Number of rows: 7197
Number of columns: 17


In [4]:
explore_data(app_GP,0,3,True)

['Photo Editor & Candy Camera & Grid & ScrapBook', 'ART_AND_DESIGN', '4.1', '159', '19M', '10,000+', 'Free', '0', 'Everyone', 'Art & Design', 'January 7, 2018', '1.0.0', '4.0.3 and up']


['Coloring book moana', 'ART_AND_DESIGN', '3.9', '967', '14M', '500,000+', 'Free', '0', 'Everyone', 'Art & Design;Pretend Play', 'January 15, 2018', '2.0.0', '4.0.3 and up']


['U Launcher Lite – FREE Live Cool Themes, Hide Apps', 'ART_AND_DESIGN', '4.7', '87510', '8.7M', '5,000,000+', 'Free', '0', 'Everyone', 'Art & Design', 'August 1, 2018', '1.2.4', '4.0.3 and up']


Number of rows: 10841
Number of columns: 13


## Column Names:

Next 2 cells show the column names of each of the 2 DS:

In [5]:
print(app_AS_header)

['', 'id', 'track_name', 'size_bytes', 'currency', 'price', 'rating_count_tot', 'rating_count_ver', 'user_rating', 'user_rating_ver', 'ver', 'cont_rating', 'prime_genre', 'sup_devices.num', 'ipadSc_urls.num', 'lang.num', 'vpp_lic']


In [6]:
print(app_GP_header)

['App', 'Category', 'Rating', 'Reviews', 'Size', 'Installs', 'Type', 'Price', 'Content Rating', 'Genres', 'Last Updated', 'Current Ver', 'Android Ver']


## Interesting columns:

For the App Store:
 - track_name
 - rating_count_tot
 - rating_count_ver
 - price
 - currency
 - prime_genre

 More info: __[documentation](https://www.kaggle.com/ramamet4/app-store-apple-data-set-10k-apps/home)__
 
For the Google Play:
 - App
 - Category
 - Rating
 - Reviews
 - Price
 - Genres

## Checking Data in Google Play

Below the sample of row 10472, where the "Category" field is missing:

In [7]:
print(app_GP_header)
print("Elements in header: " + str(len(app_GP_header)))
print("\n")
print(app_GP[10472])
print("Elements in row 10472: " + str(len(app_GP[10472])))

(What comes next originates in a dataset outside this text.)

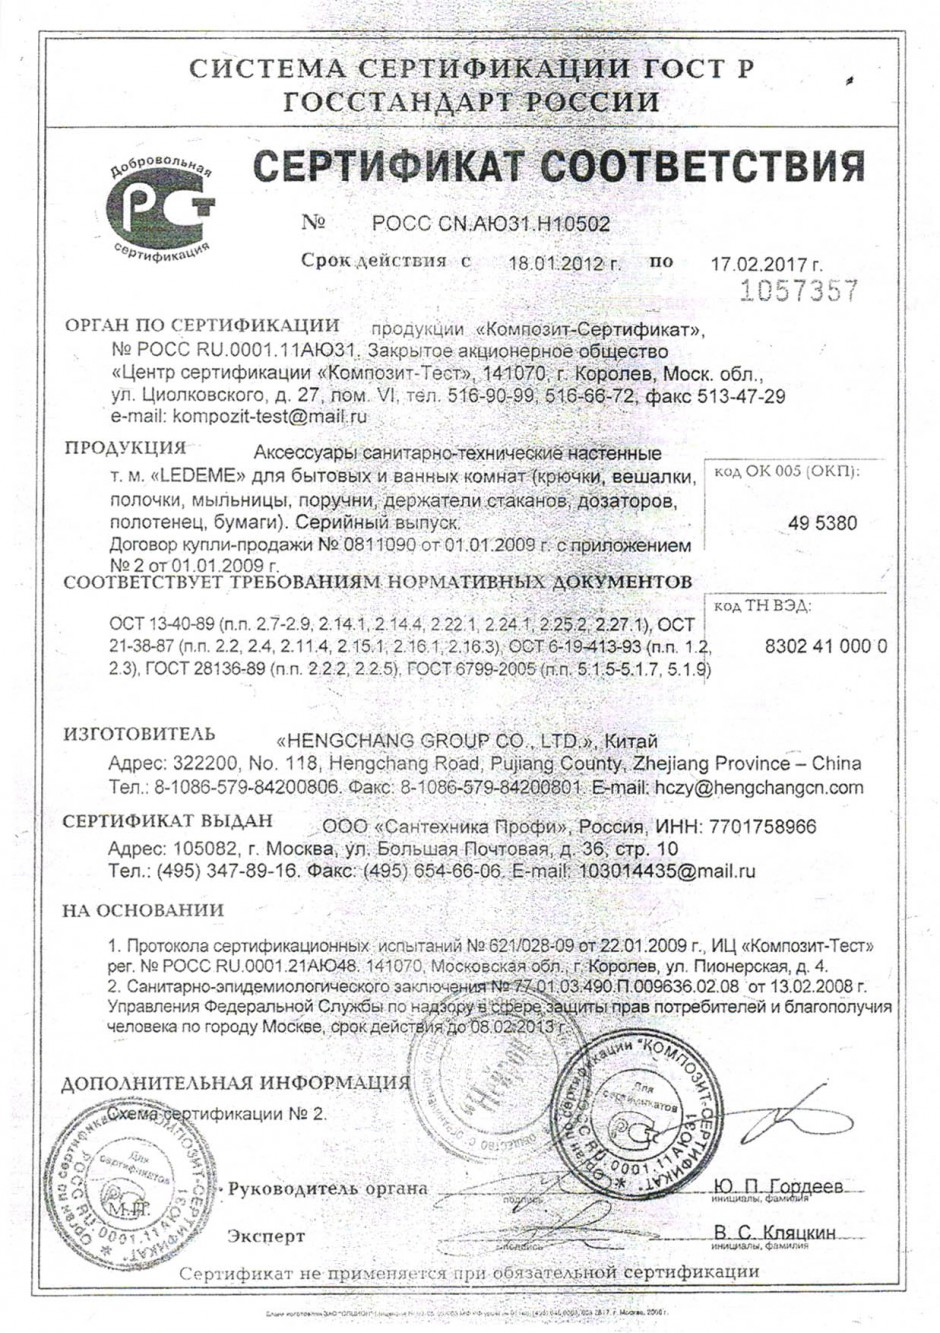 Смеситель см-ву-ШЛР сертификат соответствия

['App', 'Category', 'Rating', 'Reviews', 'Size', 'Installs', 'Type', 'Price', 'Content Rating', 'Genres', 'Last Updated', 'Current Ver', 'Android Ver']
Elements in header: 13


['Life Made WI-Fi Touchscreen Photo Frame', '1.9', '19', '3.0M', '1,000+', 'Free', '0', 'Everyone', '', 'February 11, 2018', '1.0.19', '4.0 and up']
Elements in row 10472: 12


More info about the issue: __[discussion post](https://www.kaggle.com/lava18/google-play-store-apps/discussion/66015)__

## Deleting Data in Google Play

Below the procedure to delete row 10472 (remember to only run the instruction once):

In [8]:
del app_GP[10472]

The new row 10472 is:

In [9]:
print(app_GP[10472])
print("Elements in row 10472: ", len(app_GP[10472]))

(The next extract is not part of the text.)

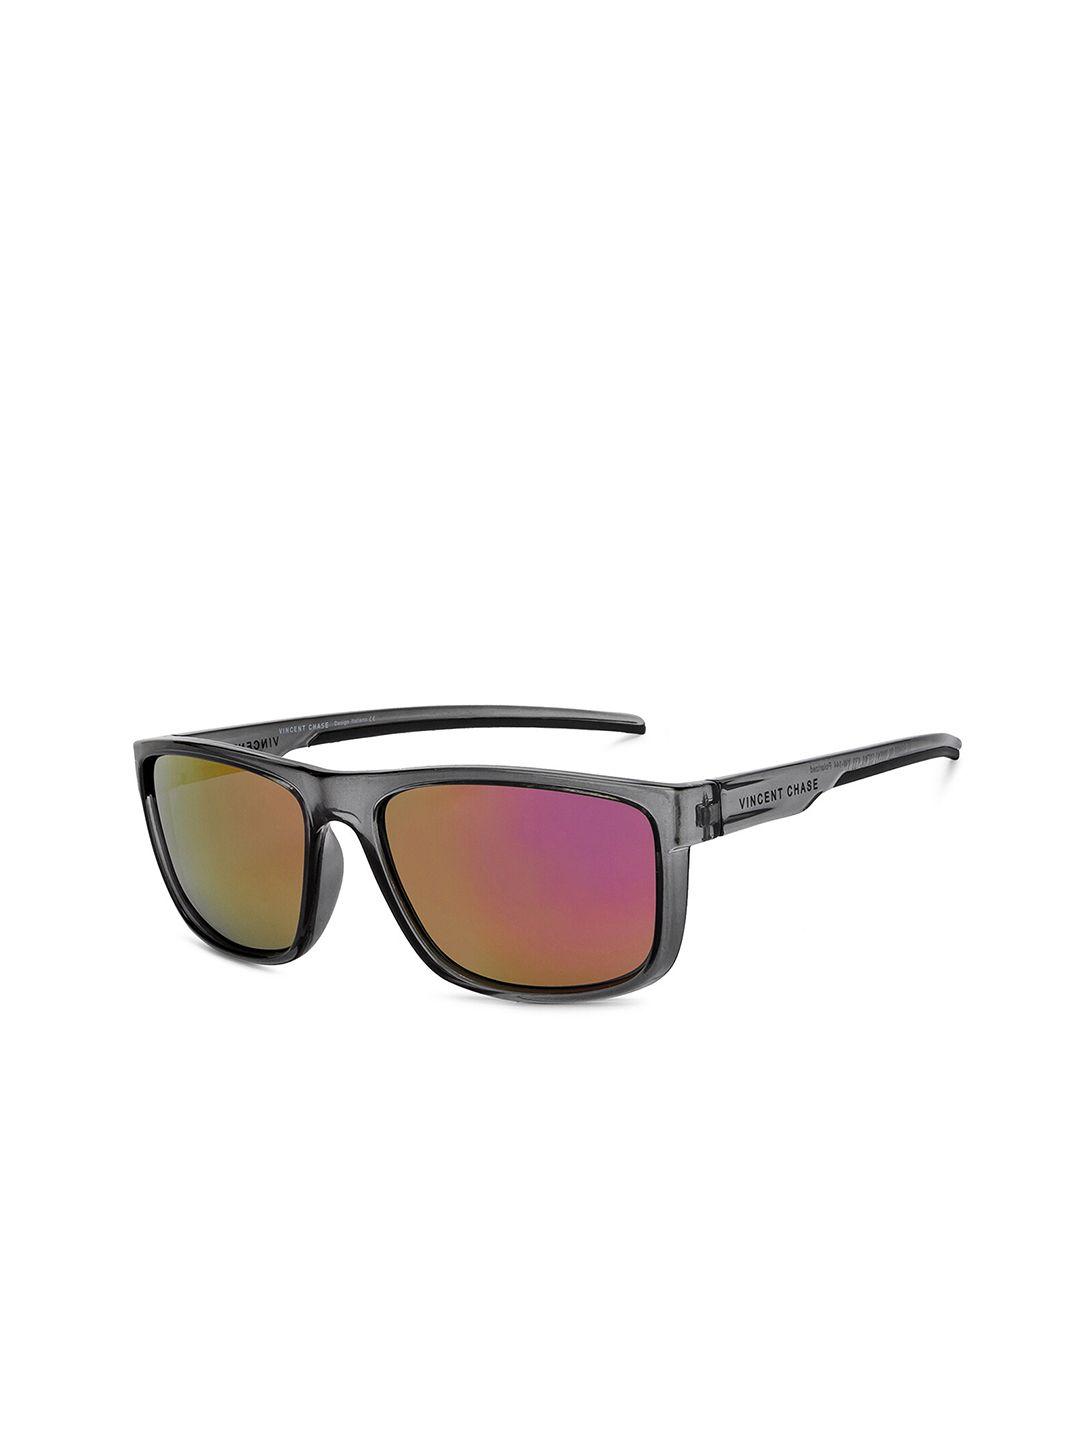 vincent chase unisex pink lens & gunmetal-toned wayfarer sunglasses 200512-grey

['osmino Wi-Fi: free WiFi', 'TOOLS', '4.2', '134203', '4.1M', '10,000,000+', 'Free', '0', 'Everyone', 'Tools', 'August 7, 2018', '6.06.14', '4.4 and up']
Elements in row 10472:  13


## Checking Data in App Store

Here the discussion section of the App Store:
__[discussion section](https://www.kaggle.com/ramamet4/app-store-apple-data-set-10k-apps/discussion)__

No issue found.

## Removing duplicated rows

In the Google Play data set, it is possible to find multiple times an application.

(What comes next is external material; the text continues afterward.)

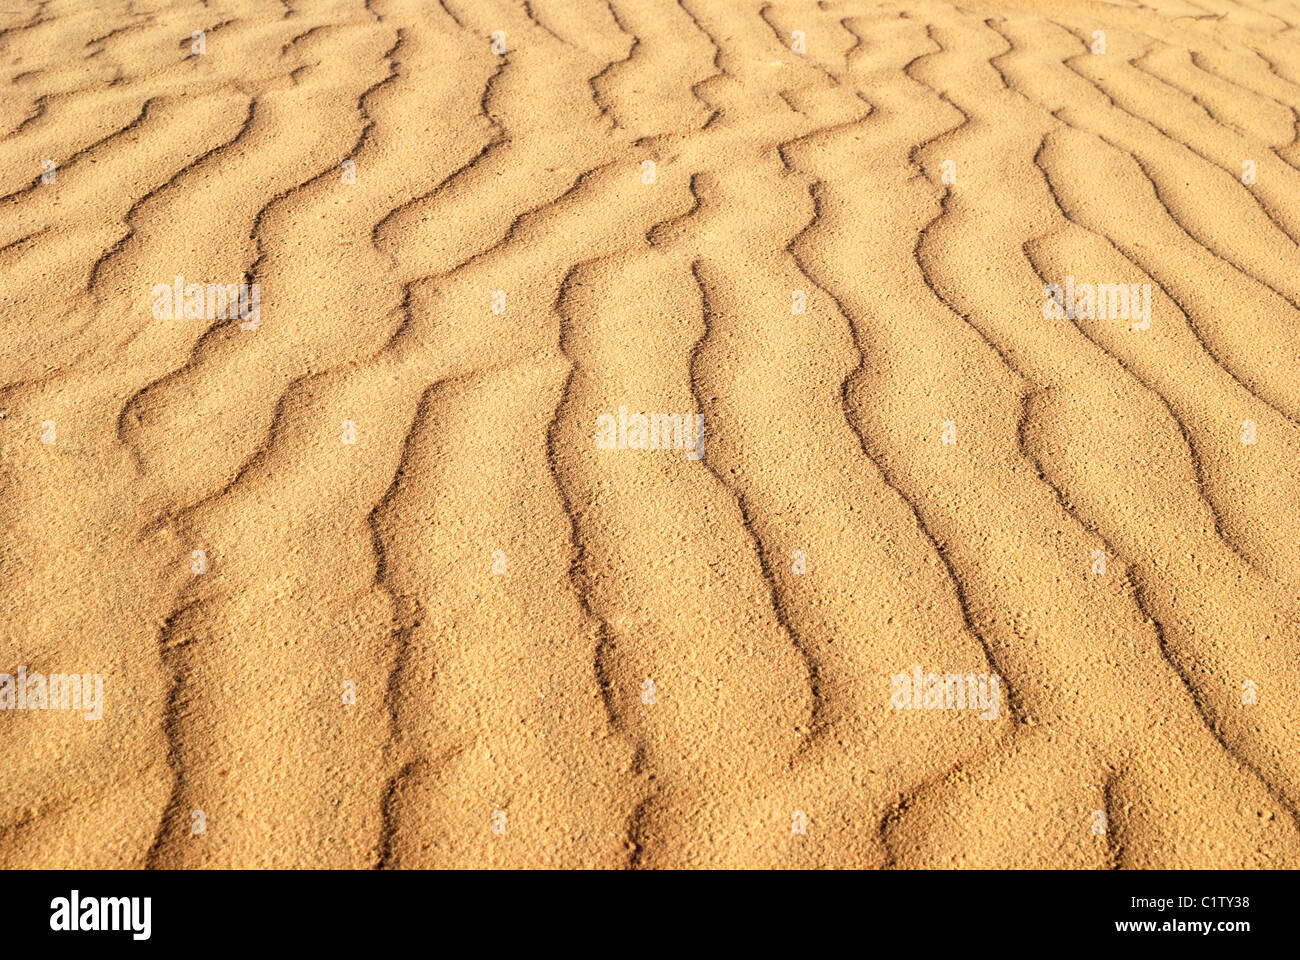 Les ondulations en forme de sable, peut utiliser pour l'arrière plan. Désert Néguev, Israël. Banque D'Images

The main reason is the capture of information from different moments in time. Therefore, only the newer entry shall be kept.

As example:

In [10]:
duplicate_apps = []
unique_apps = []

for app in app_GP:
    name = app[0]
    if name in unique_apps:
        duplicate_apps.append(name)
    else:
        unique_apps.append(name)
        
for app in app_GP:
    repeated_name = duplicate_apps[0]
    if app[0] == repeated_name:
        print(app)
        print("\n")

['Quick PDF Scanner + OCR FREE', 'BUSINESS', '4.2', '80805', 'Varies with device', '5,000,000+', 'Free', '0', 'Everyone', 'Business', 'February 26, 2018', 'Varies with device', '4.0.3 and up']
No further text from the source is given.